COLLECTED DATA>
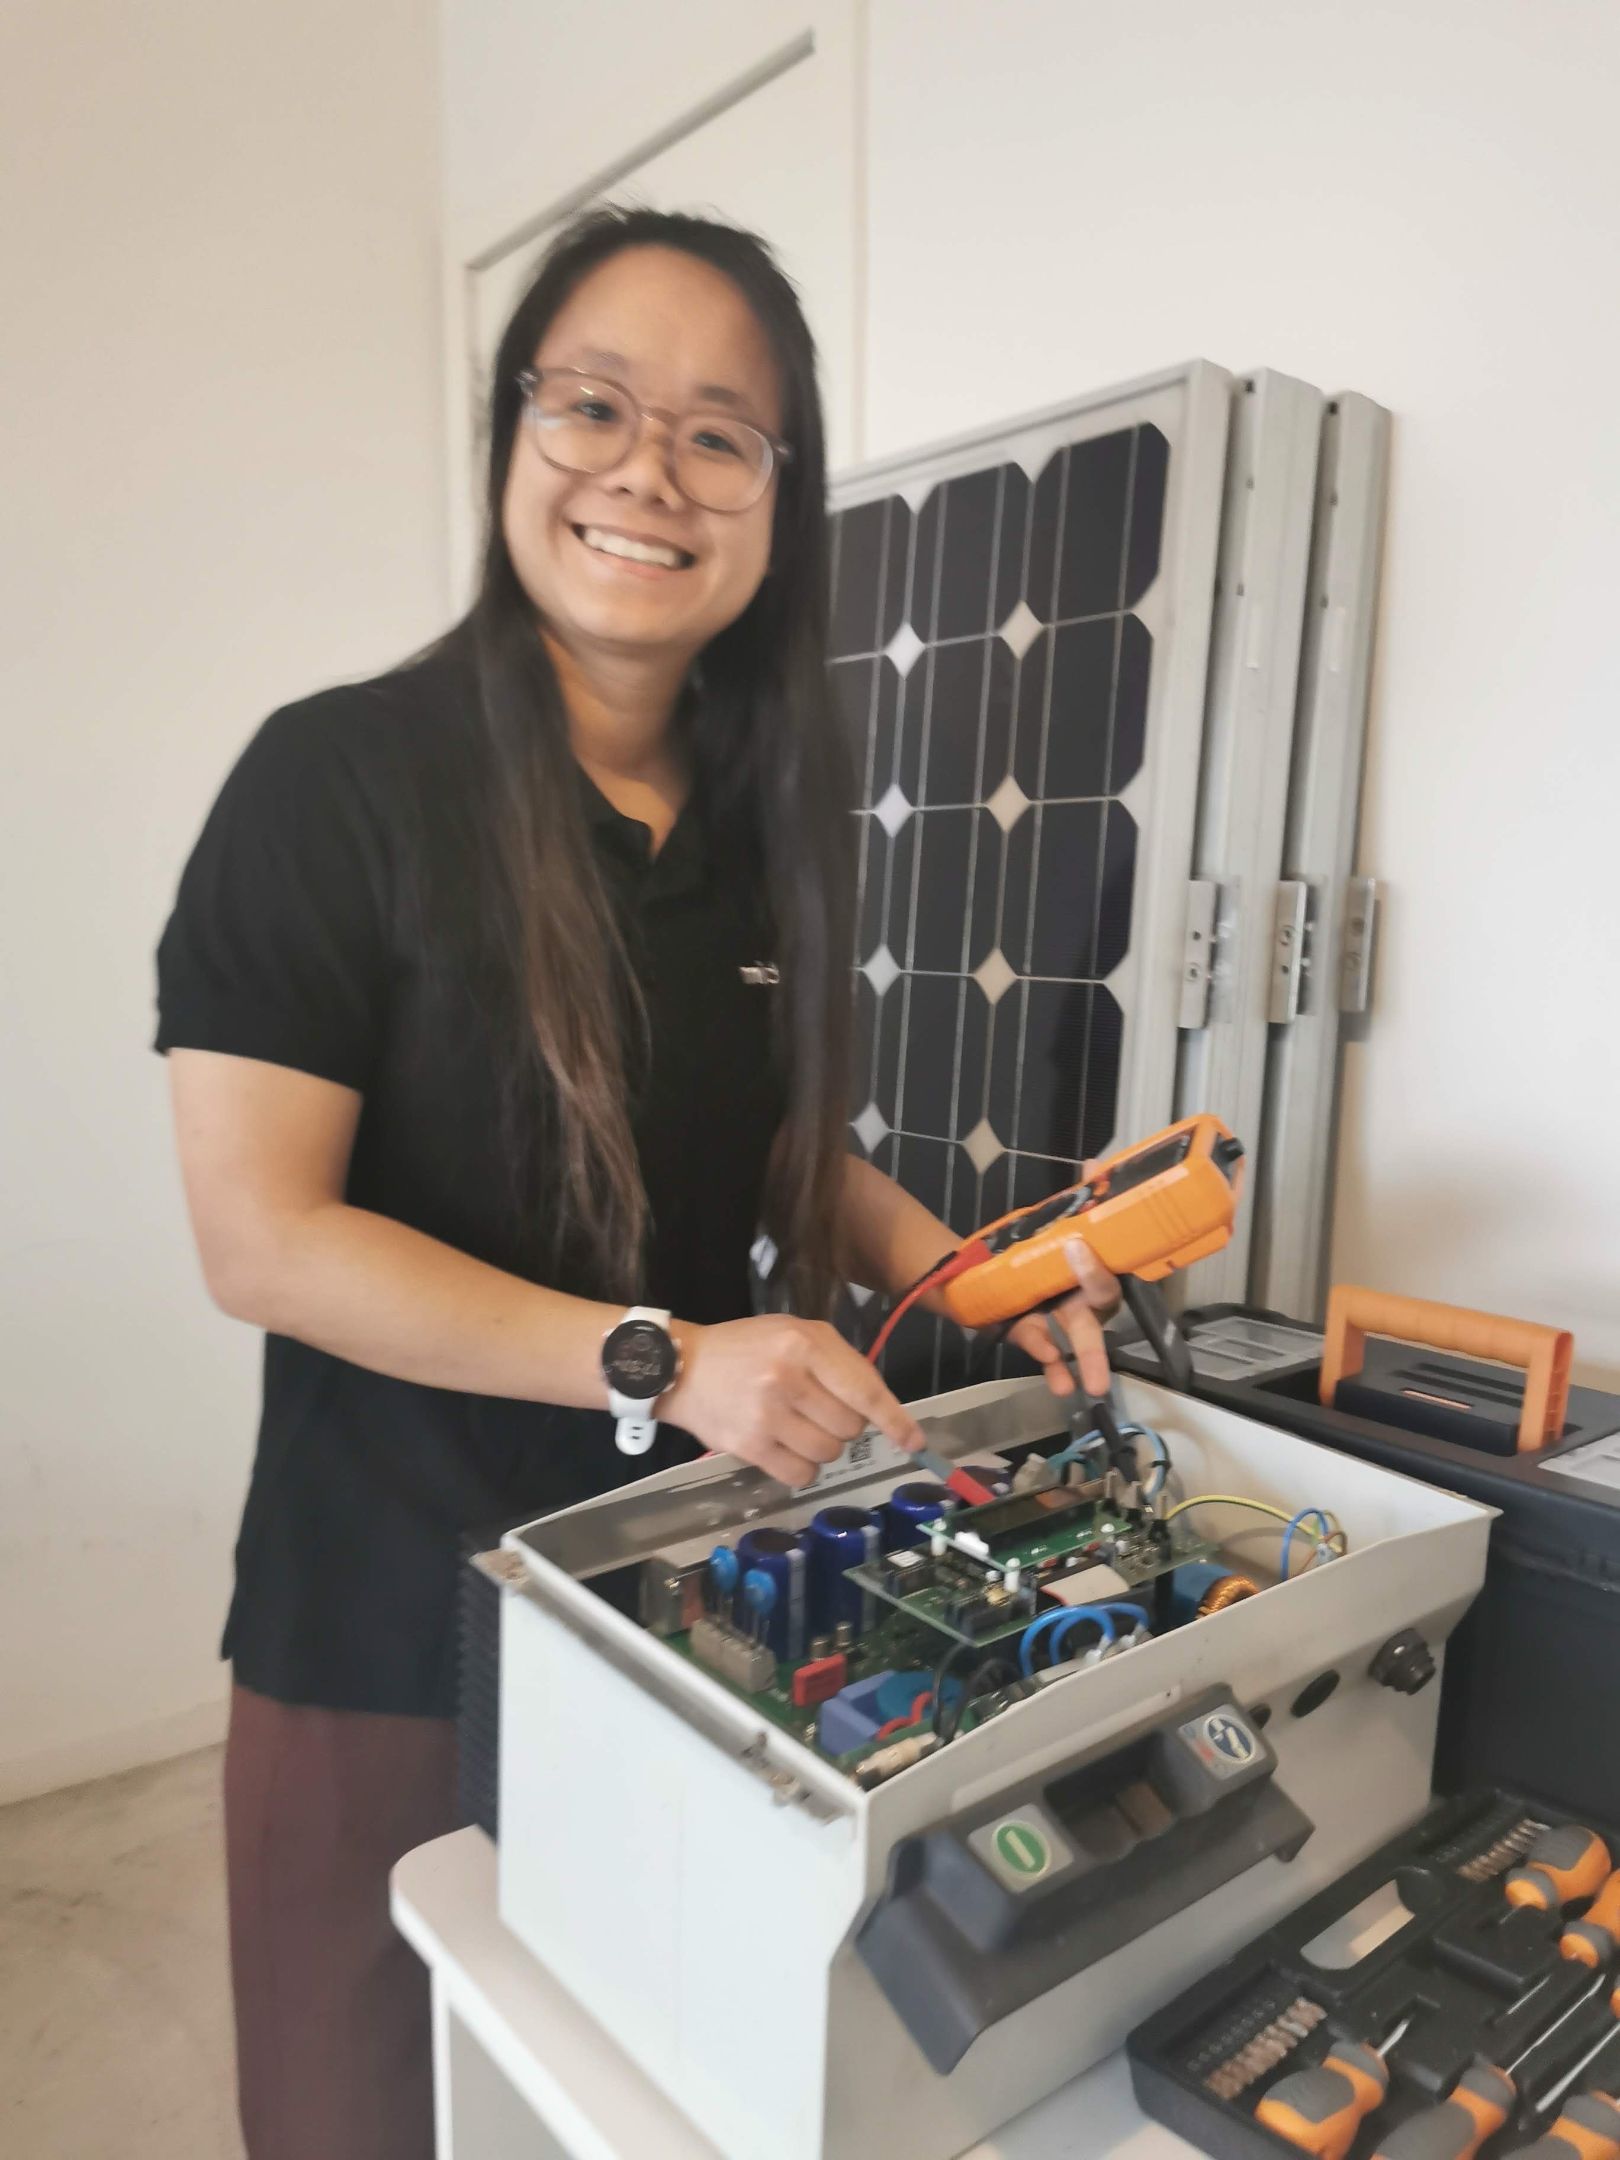 Amber Truong smiles as she works on solar panels in her garage
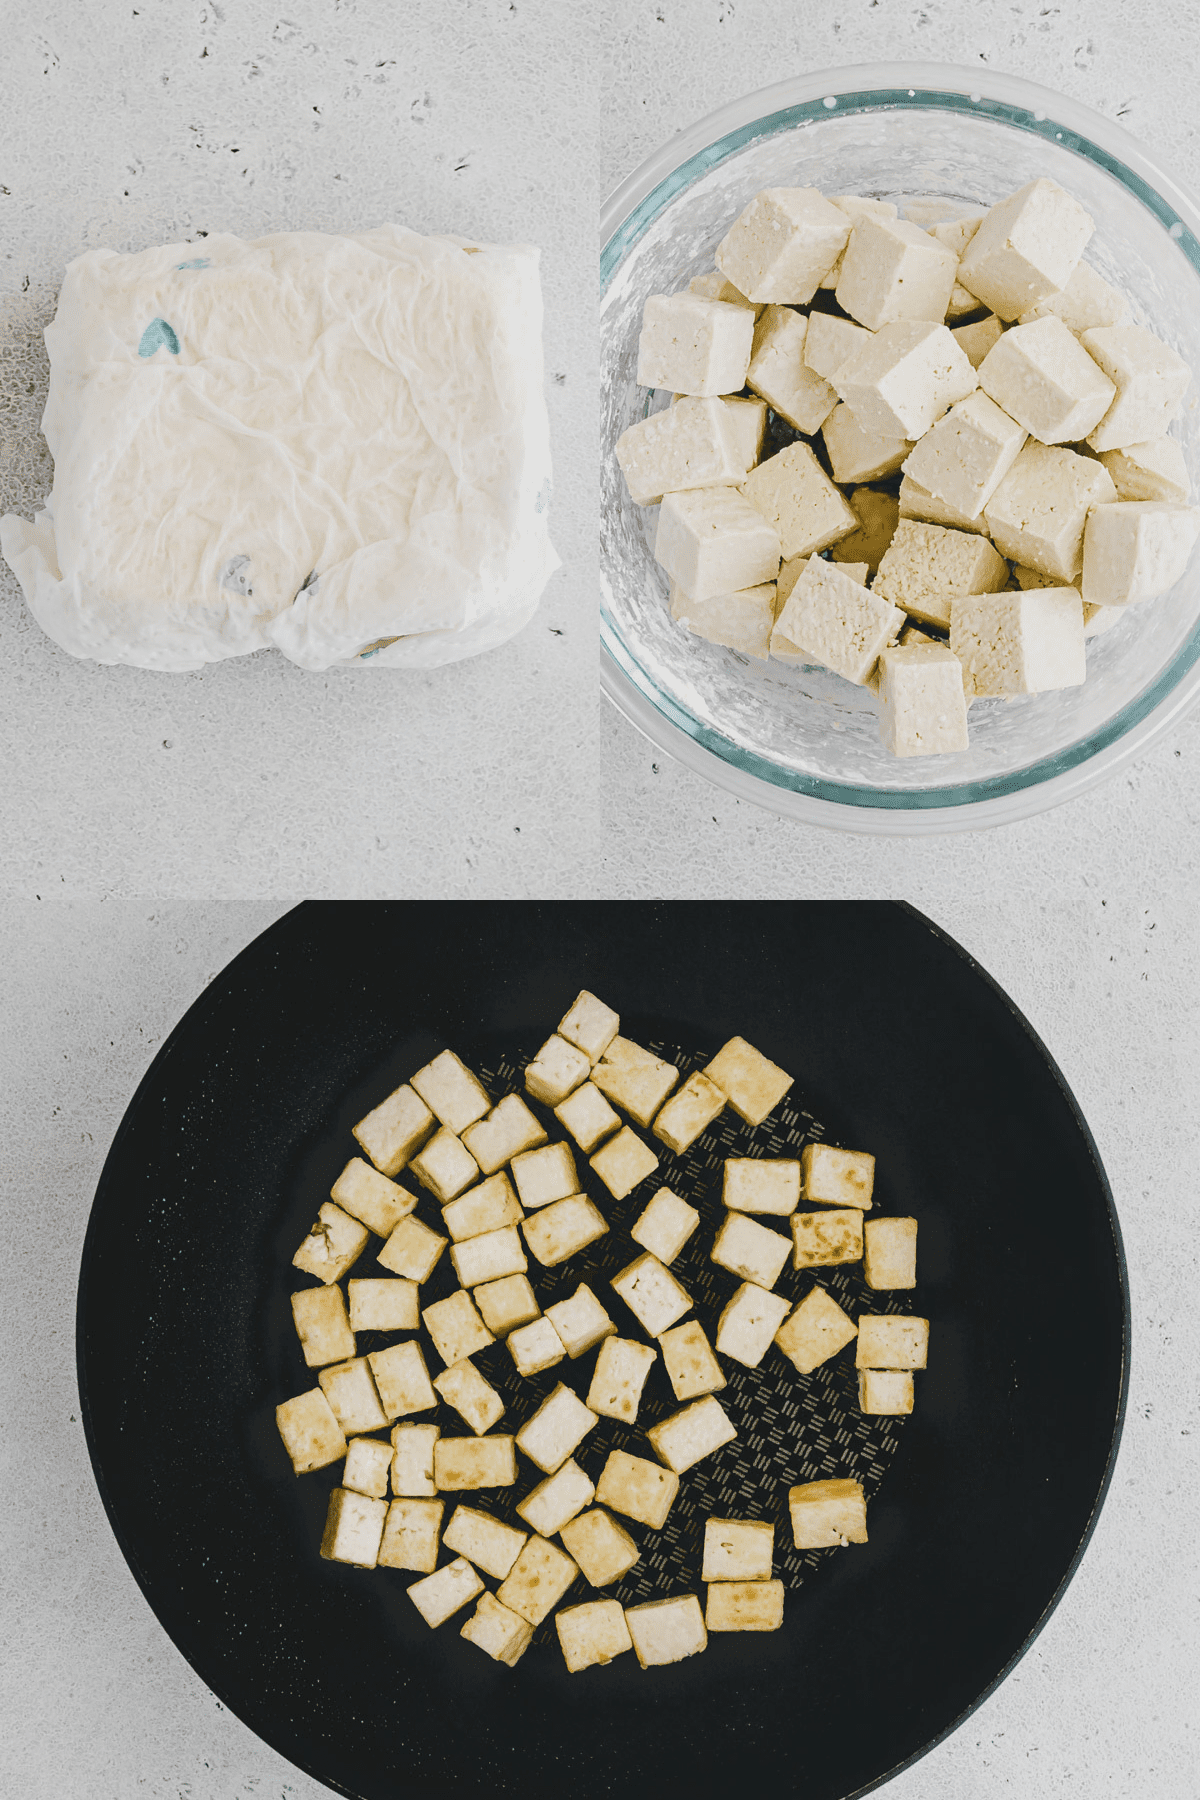 Gallery of 3 images: Top left is top view of a block of tofu wrapped in kitchen towel that is wet, top right is a top down view of a glass bowl with cubes of tofu in it, bottom picture is cubed tofu in a frying pan getting slightly browned. 
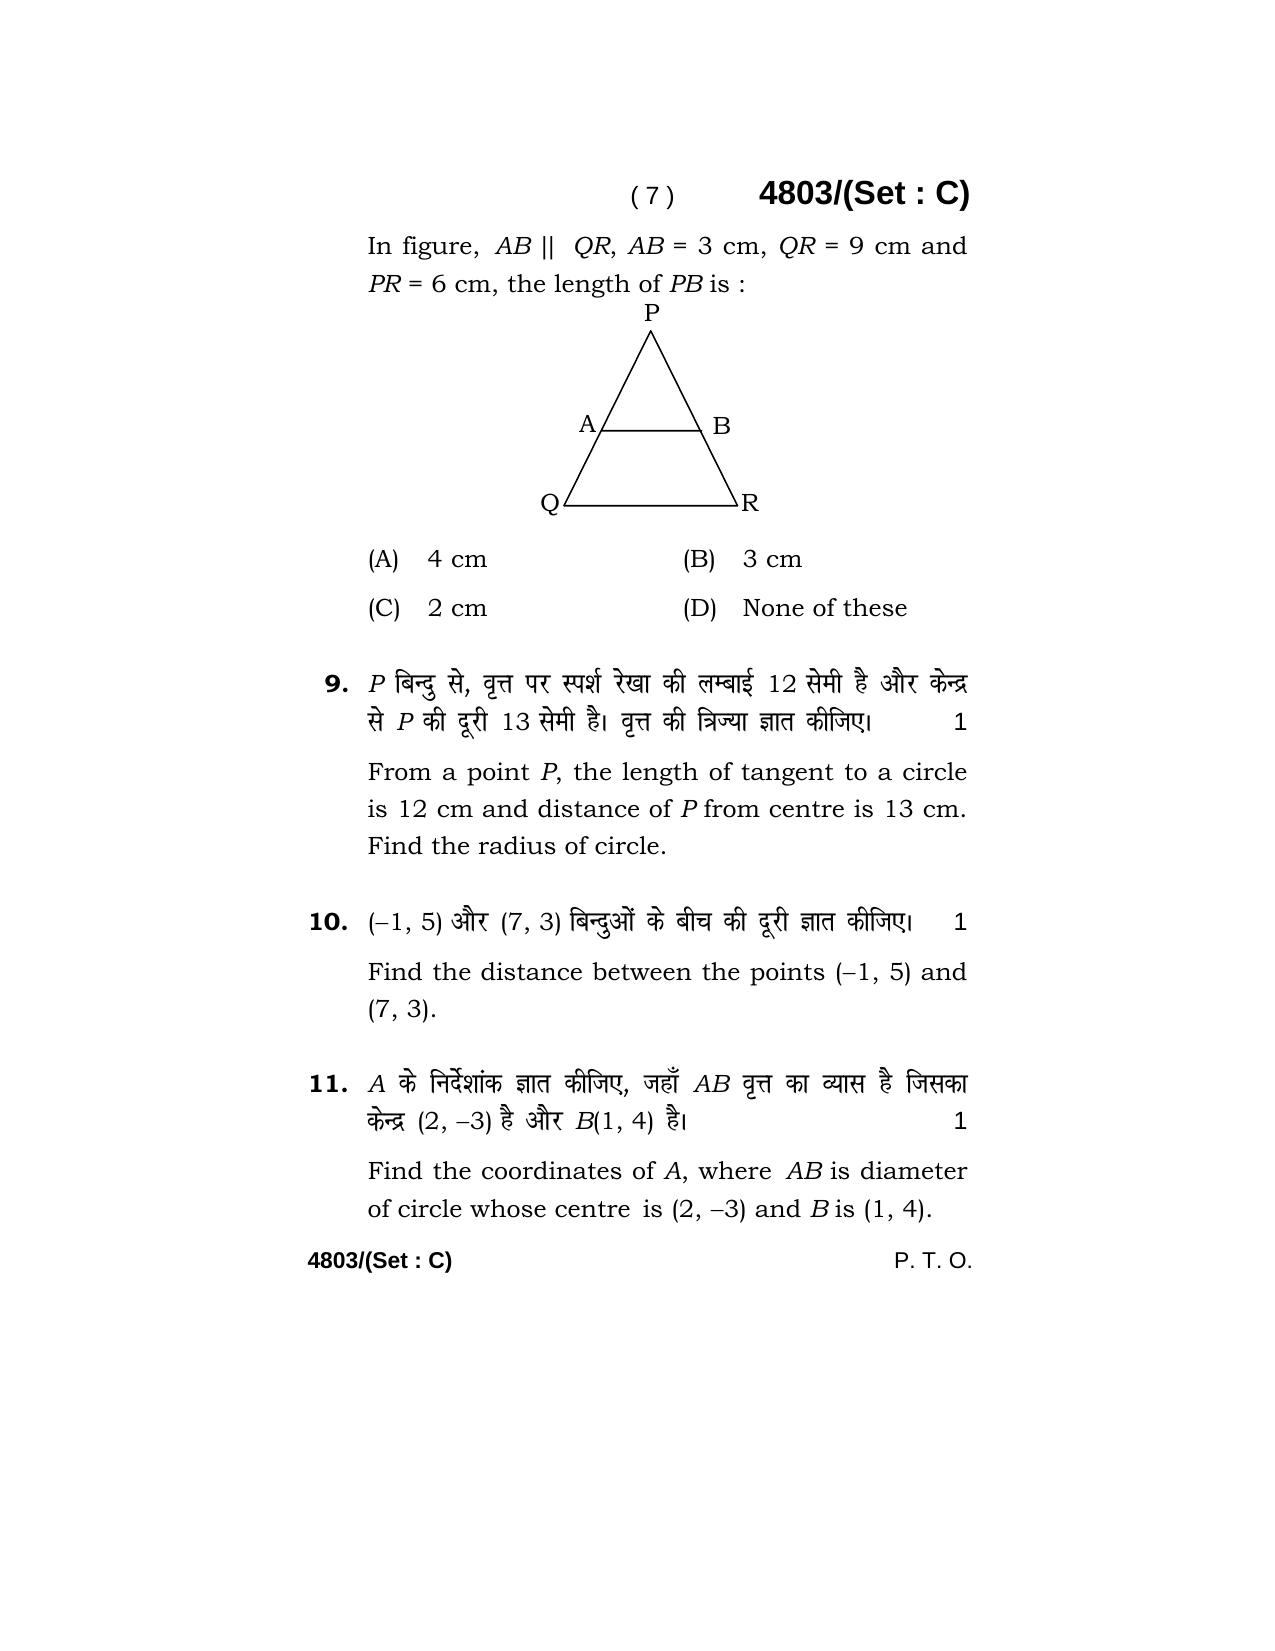 Haryana Board HBSE Class 10 Mathematics 2020 Question Paper - Page 39
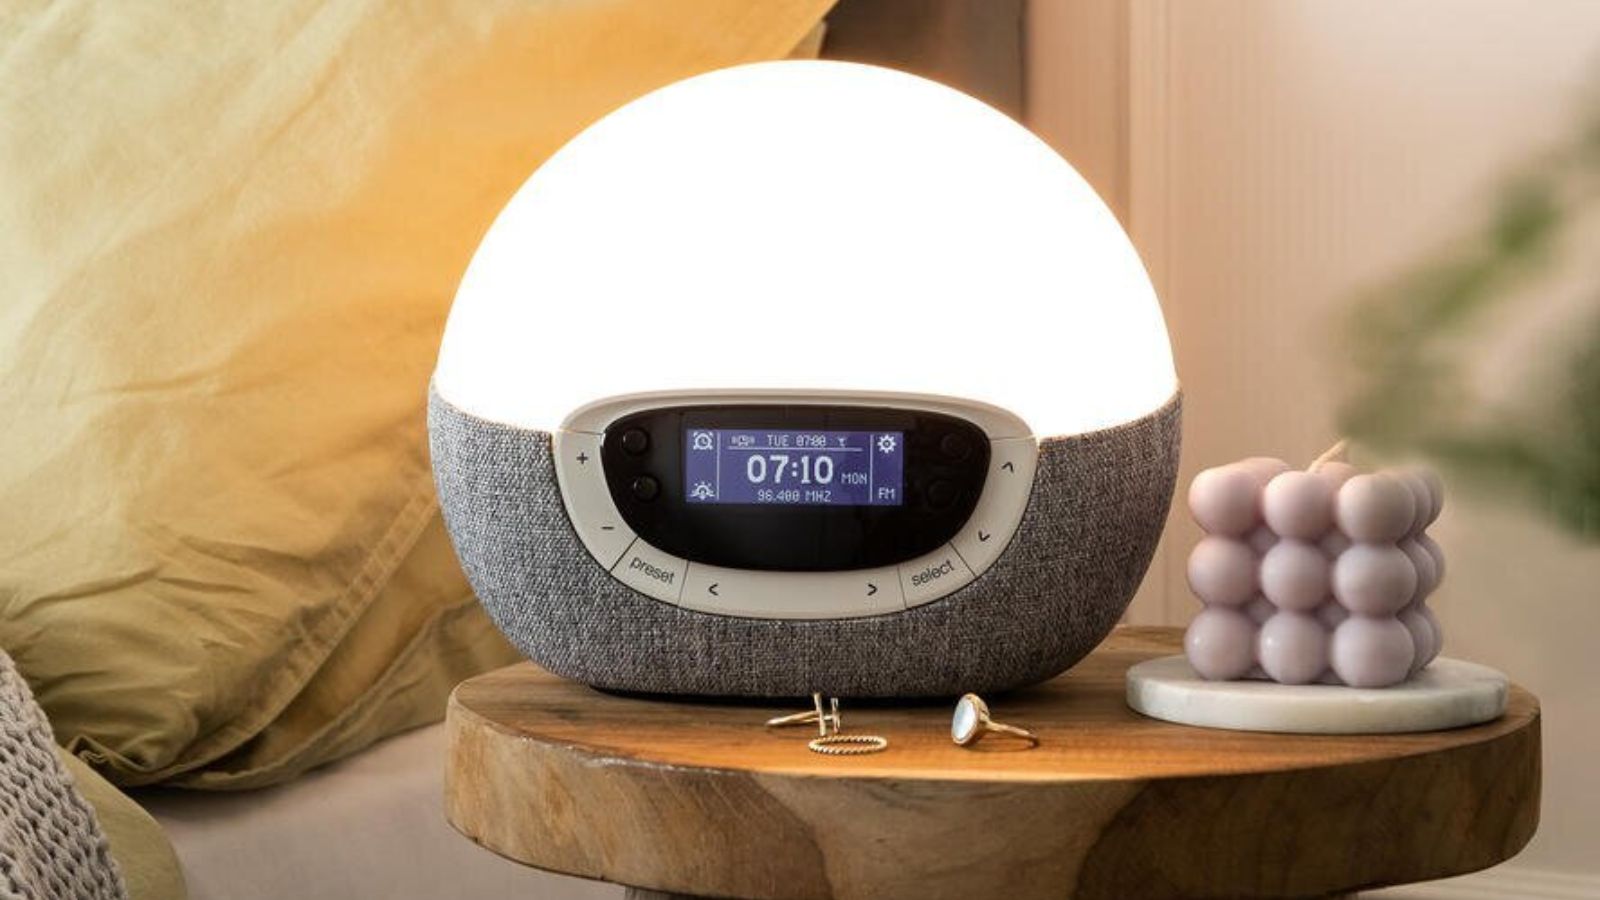 Want to buy a Wake-up Light alarm clock? Check it out on

EXERCISE AIM> Copy the lines exactly. Start at the line with "Haryana Board HBSE", end at the last line above, include both, and omit all pictures.

TASK RESPONSE>
 Haryana Board HBSE Class 10 Mathematics 2020 Question Paper - Page 39
 Want to buy a Wake-up Light alarm clock? Check it out on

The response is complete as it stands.